The CVE standard [1] is used to publish vulnerability advisories through a common and universal mechanism. To encompass such variety, they offer a set of features (CVE-ID, CVSS, description), but there is no standardized way to report the corresponding fix. For some data-driven vulnerability research, the workflow relies on this information availability. We aim to fill this gap by linking together the vulnerabilities and their fixes in a unique dataset.

Vulnerabilities datasets have already been introduced in the literature but they all suffer from limitations:

  • usage of synthetic code [4] ;
  • handcrafted vulnerabilities [5] ;
  • unrelated vulnerabilities in various software [6] .
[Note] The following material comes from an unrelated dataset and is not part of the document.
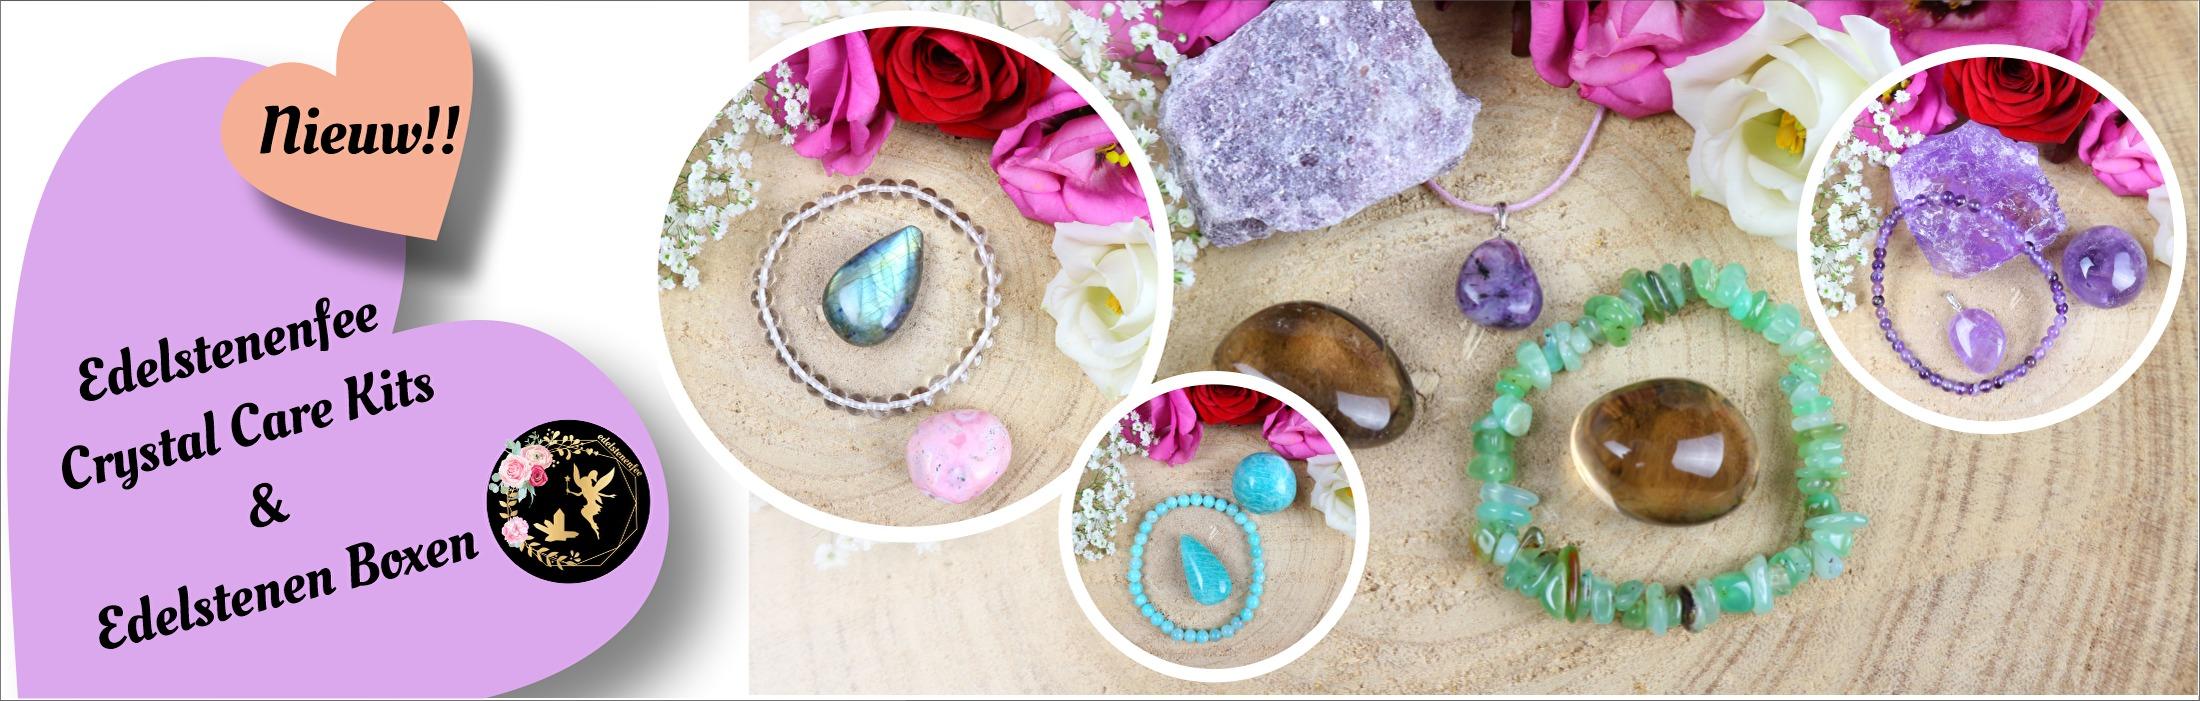 NIEUW!! Edelstenenfee Crystal Care Kits & Edelstenen Boxen!
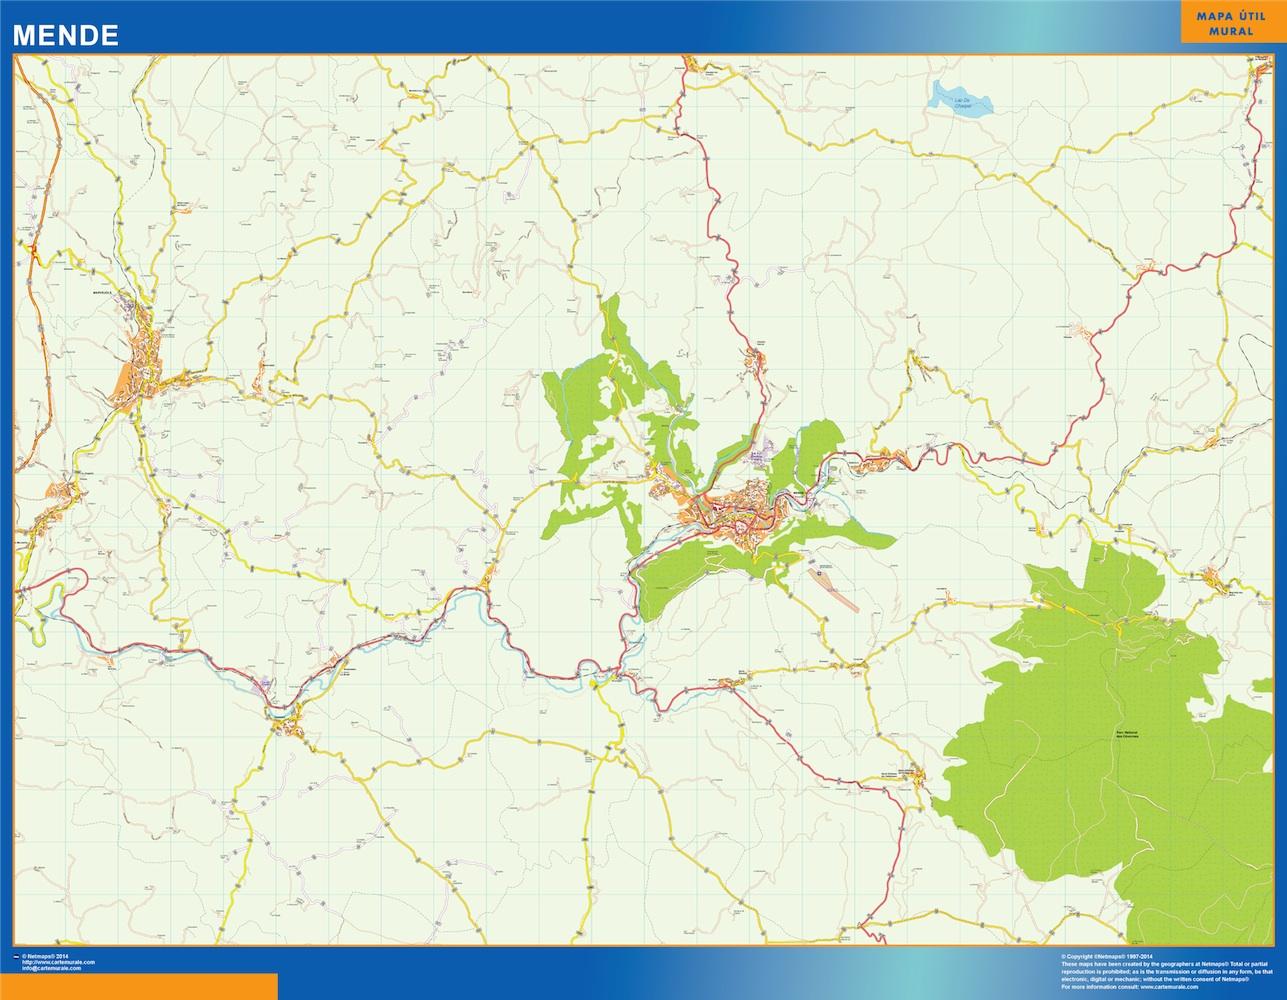 Mapa Mende en Francia plastificado gigante

For this work, we approach the problem from another perspective. A list of real-world vulnerabilities already exists: the CVEs. This list is leveraged to build a vulnerability dataset that can be exploited by security practitioners and academic researchers to enhance their products or tools. This approach is similar to the Open Security Software Foundation CVE Benchmark [8] which targeted JavaScript/TypeScript vulnerabilities.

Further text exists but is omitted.